Well, let us do a simple simulation: for each day for the next three years I will randomly decide if another plane crashed with probability $p$ and note the day of the next crash; I will repeat this procedure $100\,000$ times. Here is the resulting histogram:
In fact, the probability distribution is simply given by $\mathrm{Pr}(t) = (1-p)^t p$, where $t$ is the number of days. I plotted this theoretical distribution as a red line, and you can see that it fits well to the Monte Carlo histogram. Remark: if time were discretized in smaller and smaller bins, this distributions would converge to an exponential one; but it does not really matter for this discussion.
As many people have already remarked here, it is a decreasing curve. This means that the probability that the next plane crashes on the next day, January 2nd, is higher than the probability that the next plane will crash on any other given day, e.g. on January 2nd next year (the difference is almost three-fold: $0.27\%$ and $0.10\%$).
However, if you ask what is the probability that the next plane crashes in the next three days, the answer is $0.8\%$, but if you ask what is the probability that it will crash after three days, but in the next three years, then the answer is $94\%$. So, obviously, it is more likely that it will crash in the next three years (but after the first three days) than in the next three days. The confusion arises because when you say "clustered events" you refer to a very small initial chunk of the distribution, but when you say "widely spaced" events you refer to a large chunk of it. That is why even with a monotonically decreasing probability distribution it is surely possible that "clusters" (e.g. two plane crashes in three days) are very unlikely.
Here is another histogram to really get this point across. It is simply a sum of the previous histogram over several non-intersecting time periods:
A randomly-chosen fish on a randomly-chosen day with discharge $Q_i$ will remain in place with probability $1-f(Q_i)$. So it'll remain in place for the whole year with probability $\prod_i \left( 1-f(Q_i) \right)^{d_i}$, and so your $P_\textrm{annual}$ is one minus that. Assuming I've understood your notation, that is.
Best Answer
These kinds of calculations require assumptions, in effect a model.
Probably the most important for the example will be whether you assume
(i) independence
(ii) constant risk
in practice neither is likely to be true
For example, if you have 25 years out of 59 with at least one tornado, you can try to apply a binomial model, but is it really the case that the probability of tornadoes in a given year is the same as other years?

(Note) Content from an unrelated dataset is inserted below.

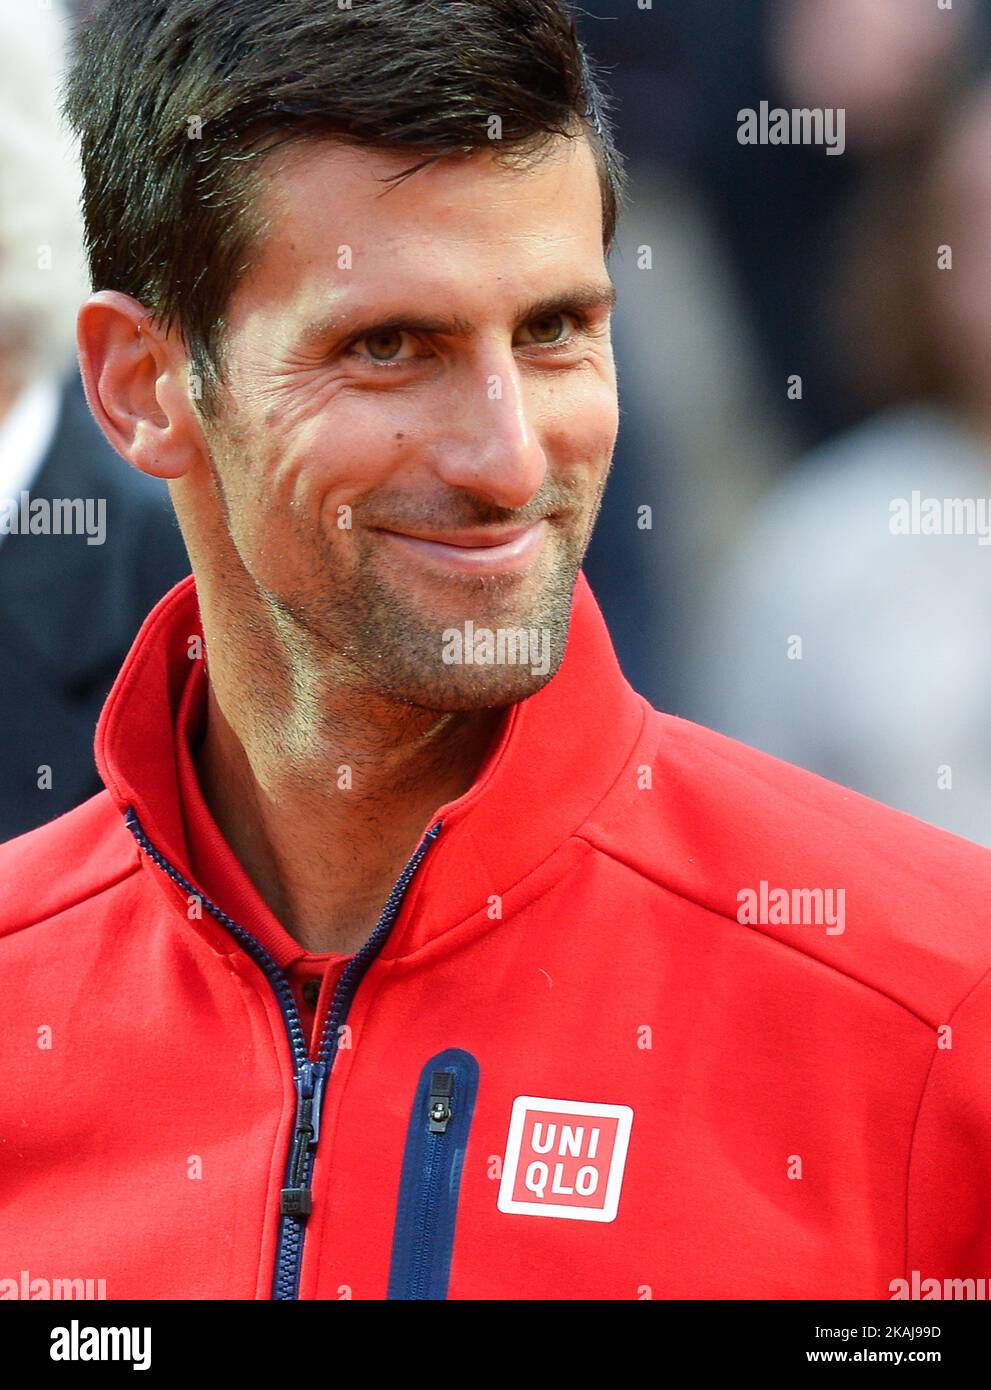 Serbia's Novak smiles during the final match of the ATP Tennis Open tournament game at the Foro Italico in Rome on May 15, 2016.  (Photo by Silvia Lore/NurPhoto) *** Please Use Credit from Credit Field *** Stock Photo

Or you could take the 45 tornadoes in 59 years and try to apply a Poisson model, but is it really the case that tornadoes occurrences are independent (and occur at constant rate)? Or do they tend to cluster?
IF you could make the constant rate/probability and independence assumptions these calculations are straightforward:
Binomial model: Let $p$ be the underlying constant probability of at least one tornado in a year. We estimate it by the sample proportion, $\hat{p}=\frac{25}{59}= 0.424$.
You can also form confidence intervals for the proportion as here.
Poisson model: Here we have tornadoes occurring "at random", as in a Poisson process. The estimated rate of occurrence of tornadoes is simply the average annual rate, $\hat\lambda= \frac{45}{59}$ per year (that is, on average we saw 0.763 tornadoes per year, and that's our best estimate of the rate under the model. For this model, the estimated P(at least one tornado in a year) = $1 - P(0\, \text{ tornadoes})$ $ = 1-\exp(-\hat\lambda) = 0.534$
Again, it's possible to compute an interval here (e.g. by computing an interval for $\lambda$ and then transforming it); it's a bit more complicated.
The problem is that both methods make assumptions that are unlikely to be tenable - but when we break them, we need, again, to assume some kind of model, but it's not up to me to tell you what your model should be -- it depends on domain knowledge I am unlikely to possess. What you're likely to see in a more sophisticated model is that P(0) increases (while the mean number of tornadoes is still the same), implying that P(at least 1 tornado) is probably lower than in either of the models... but P(more than 1|at least 1) will tend to be higher (i.e. that tornadoes are 'clumpy').